Pablo C. Cañizares, Jose María López-Morales, Sara Pérez-Soler, Esther Guerra, Juan de Lara
Conversational agents, or chatbots, have become popular to access all kind of software services. They provide an intuitive natural language interface for interaction, available from a wide range of channels including social networks, web pages, intelligent speakers or cars. In response to this demand, many chatbot development platforms and tools have emerged. However, they typically lack support to statically measure properties of the chatbots being built, as indicators of their size, complexity, quality or usability. Similarly, there are hardly any mechanisms to compare and cluster chatbots developed with heterogeneous technologies.
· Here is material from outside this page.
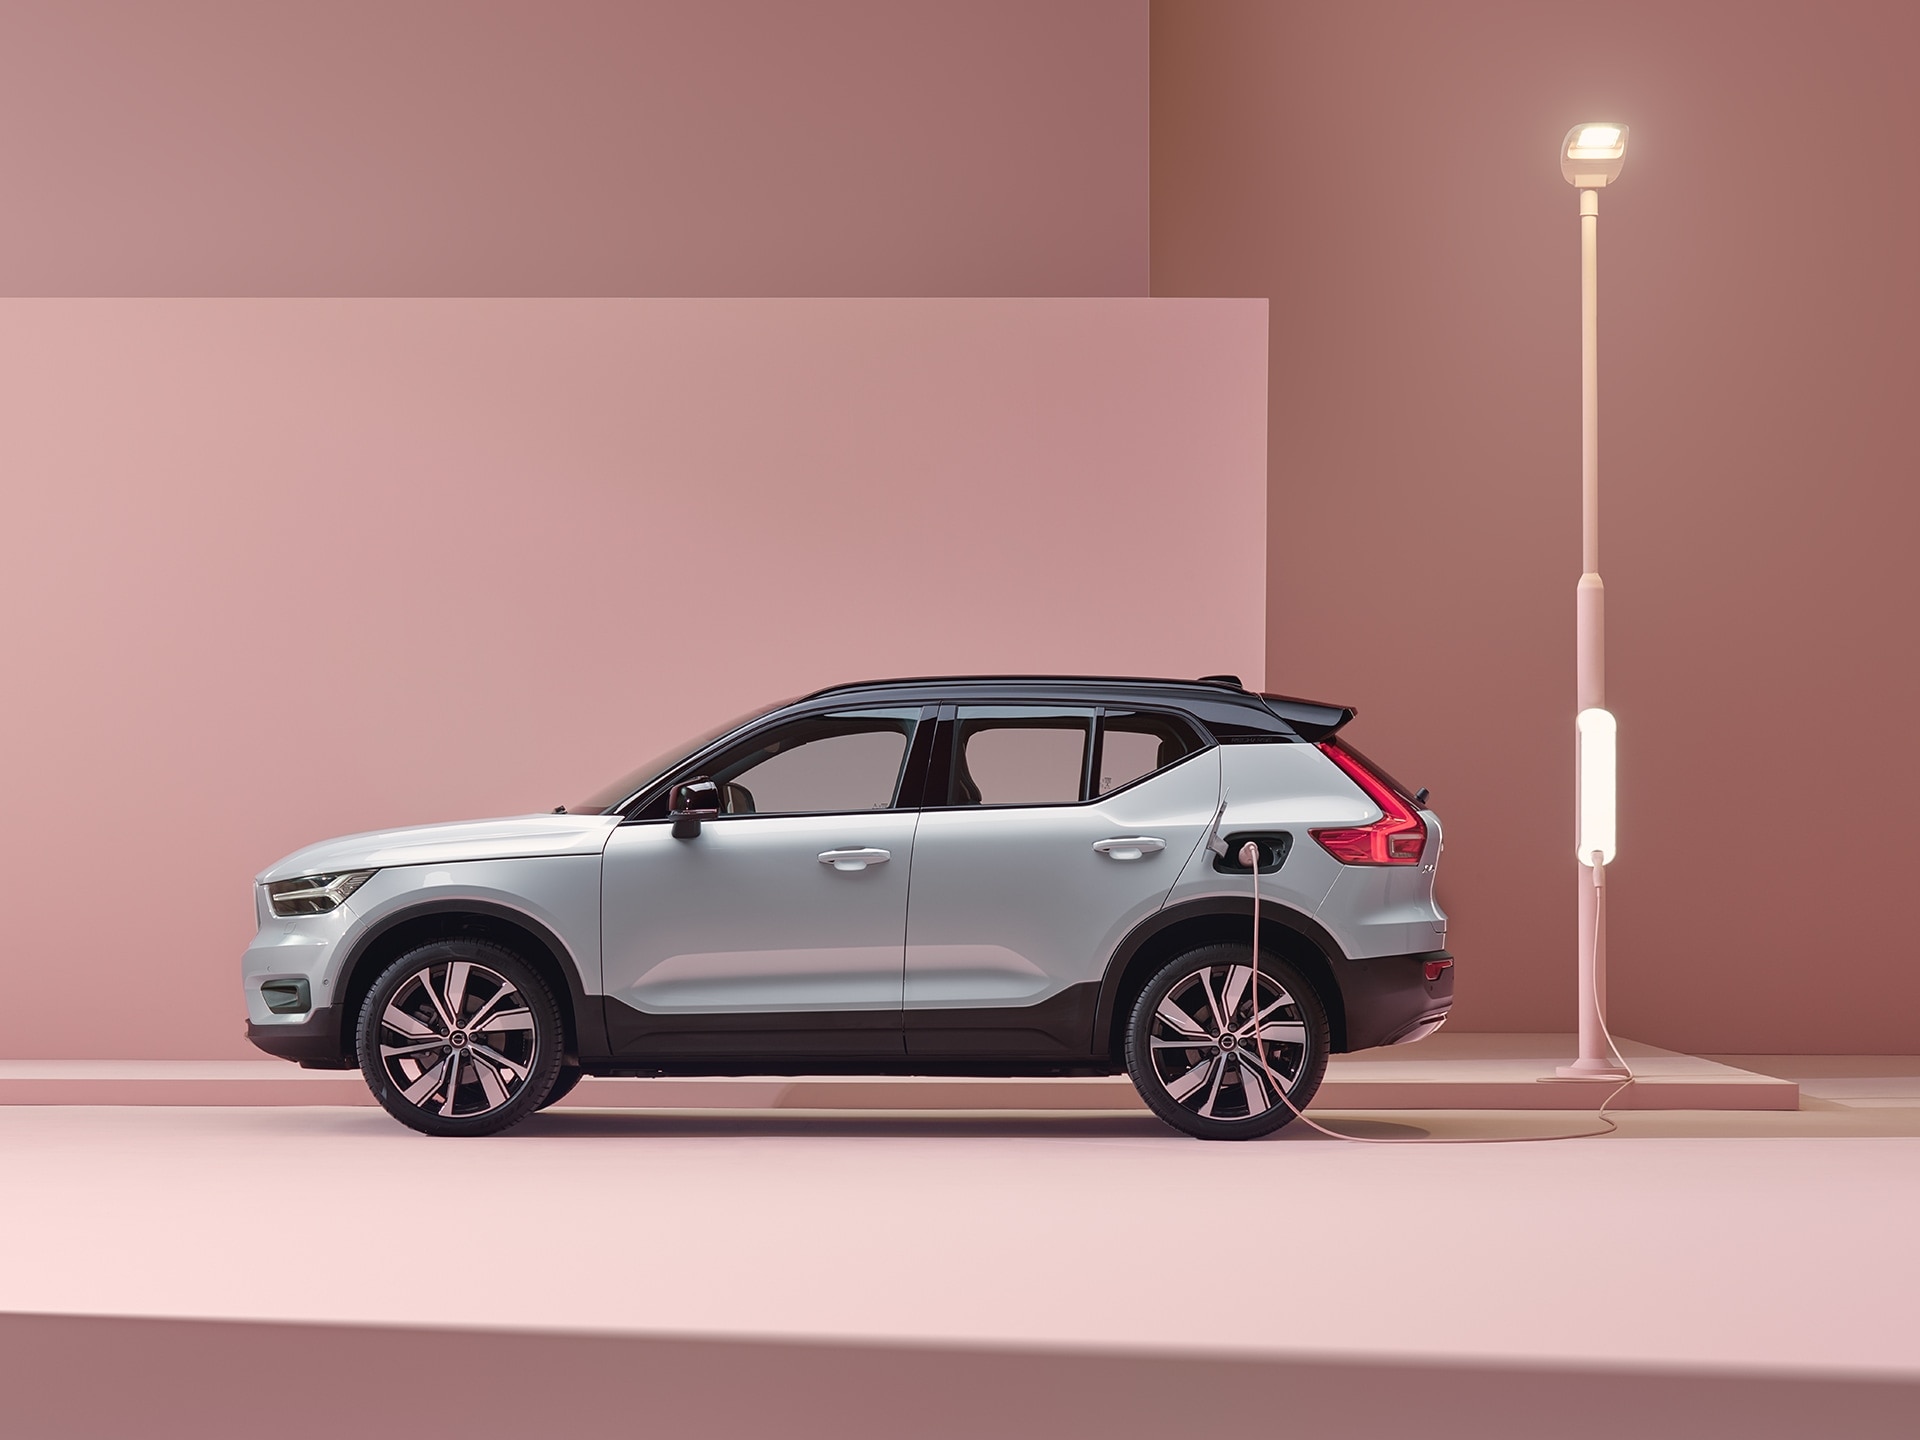 The side profile of a green Volvo XC40 Recharge pure electric SUV.
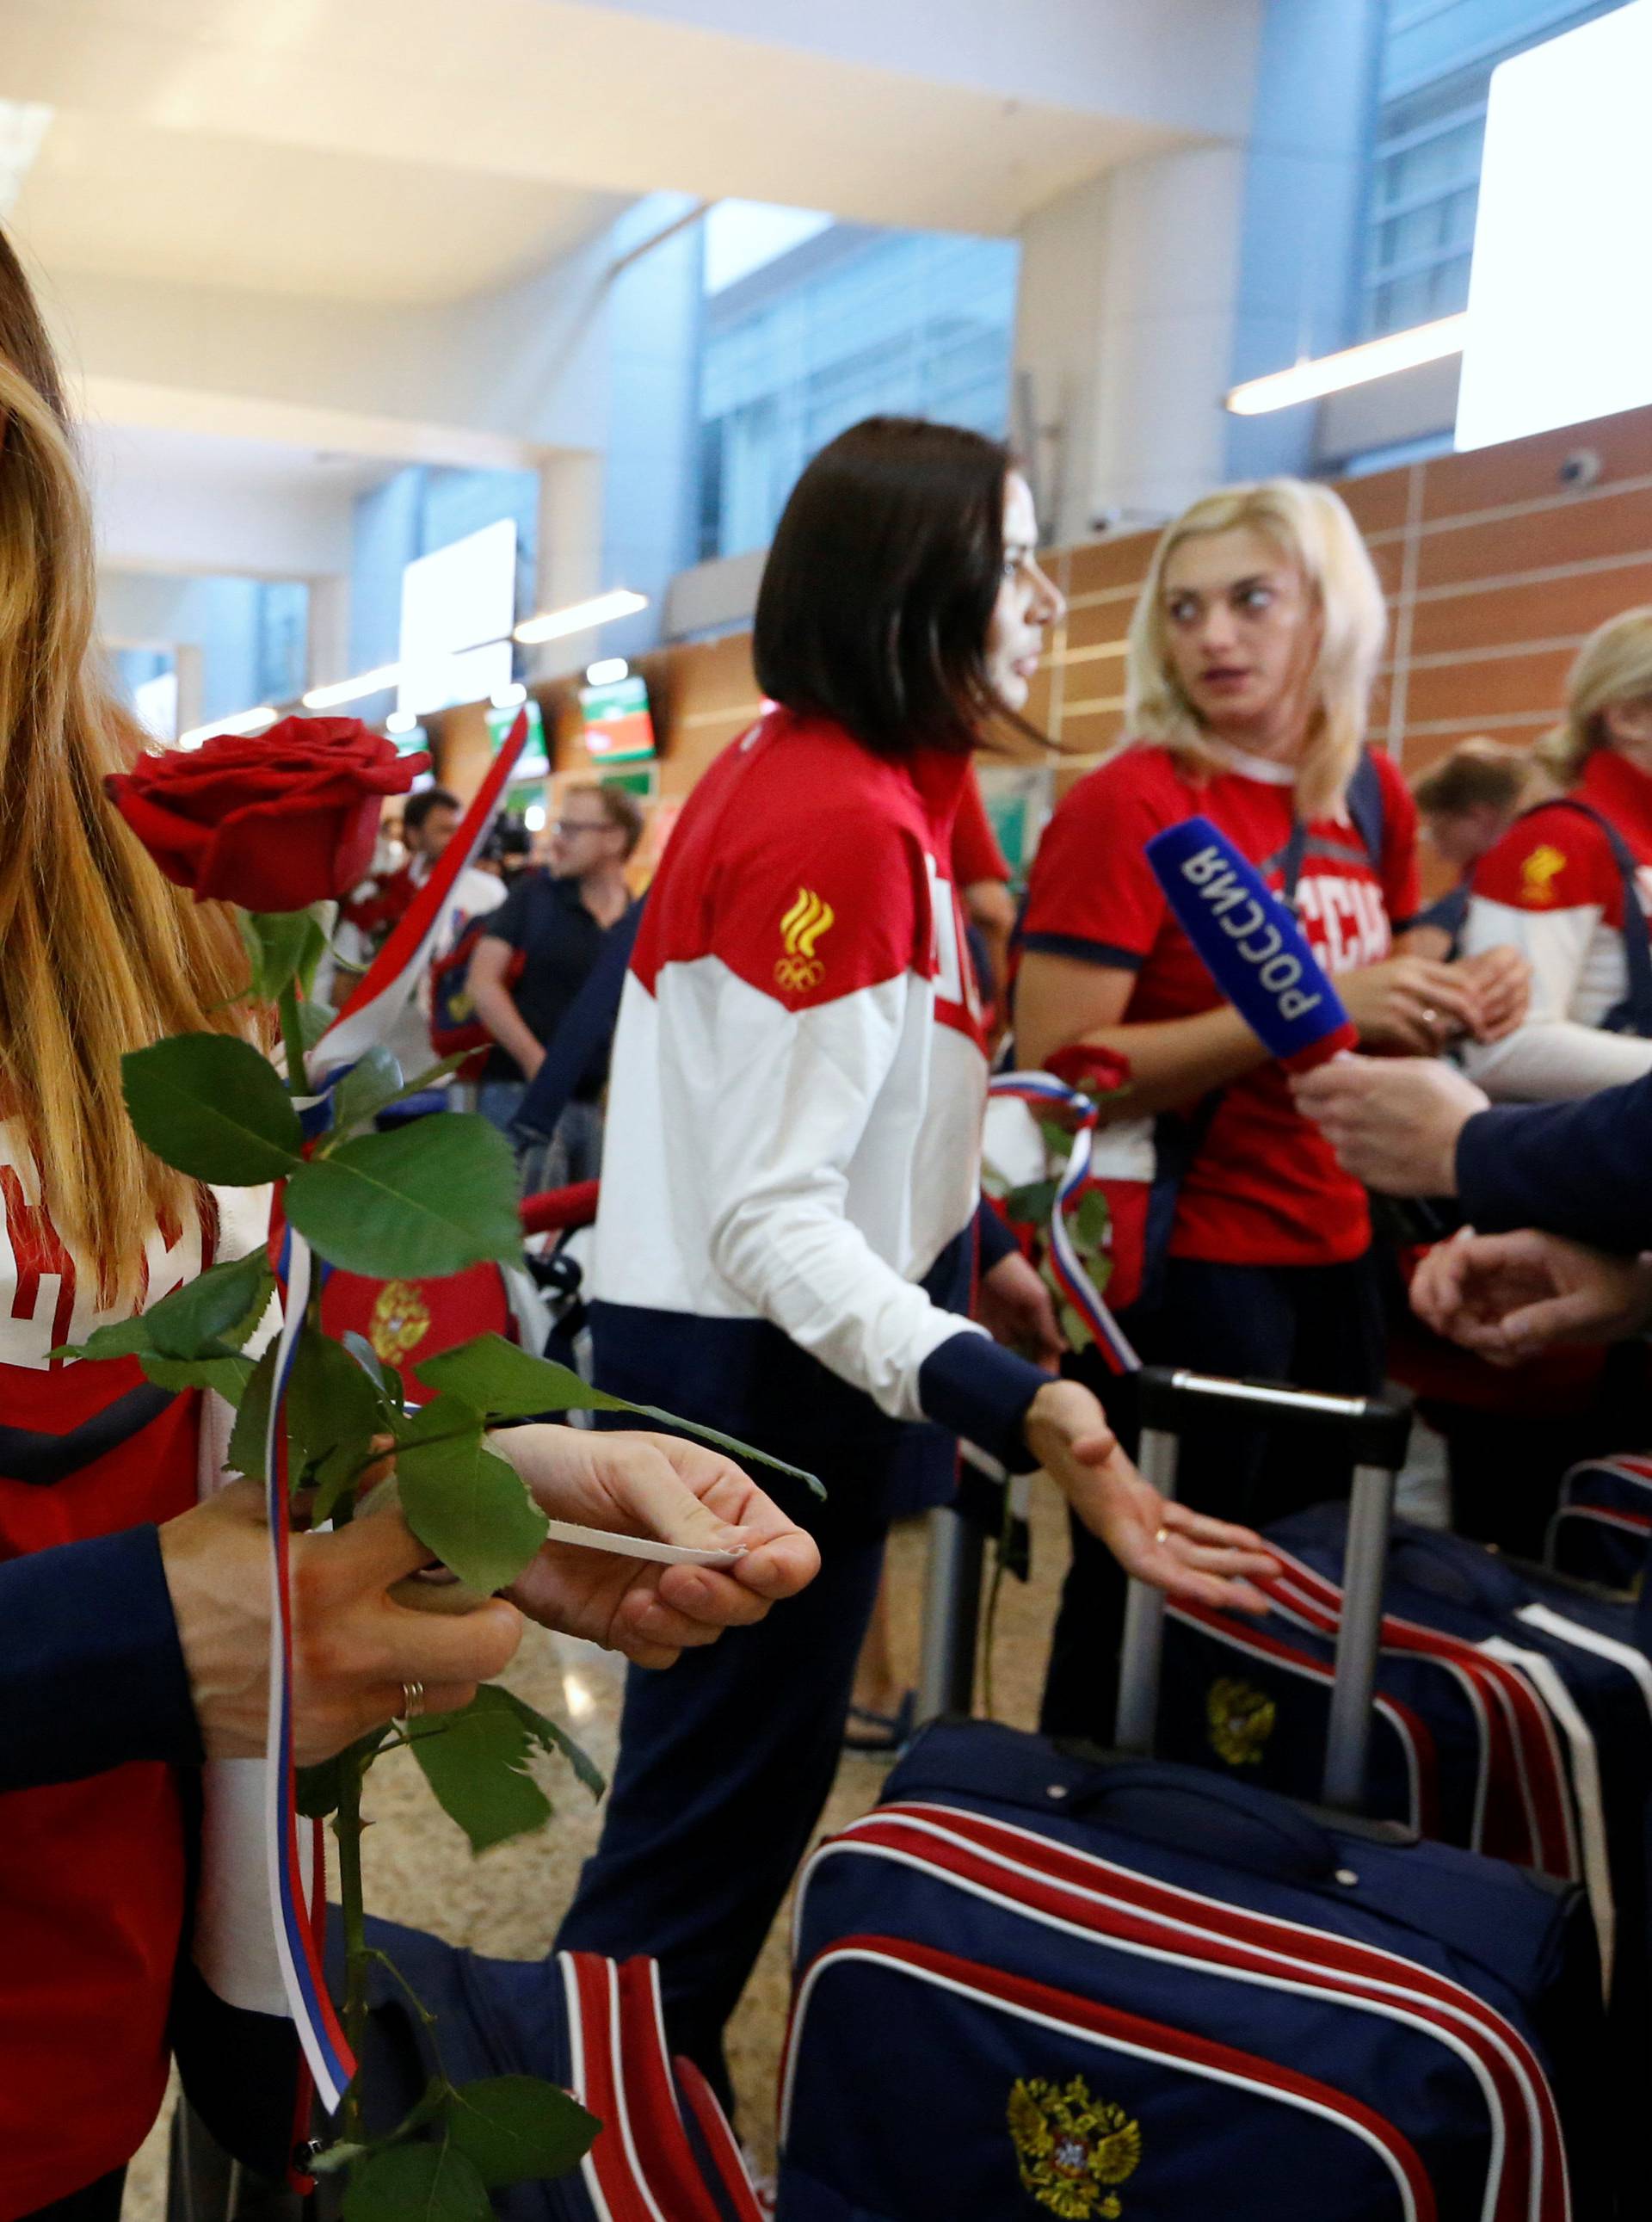 Russia's women's handball Olympic team member Sudakova waits for check-in before national team's departure to 2016 Rio Olympics at Sheremetyevo Airport outside Moscow

To overcome this limitation, we propose a suite of 21 metrics for chatbot designs, as well as two clustering methods that help in grouping chatbots along their conversation topics and design features. Both the metrics and the clustering methods are defined on a neutral chatbot design language, becoming independent of the implementation platform. We provide automatic translations of chatbots defined on some major platforms into this neutral notation to perform the measurement and clustering. The approach is supported by our tool Asymob, which we have used to evaluate the metrics and the clustering methods over a set of 259 Dialogflow and Rasa chatbots from open-source repositories. The results open the door to incorporating the metrics within chatbot development processes for the early detection of quality issues, and to exploit clustering to organise large collections of chatbots into significant groups to ease chatbot comprehension, search and comparison.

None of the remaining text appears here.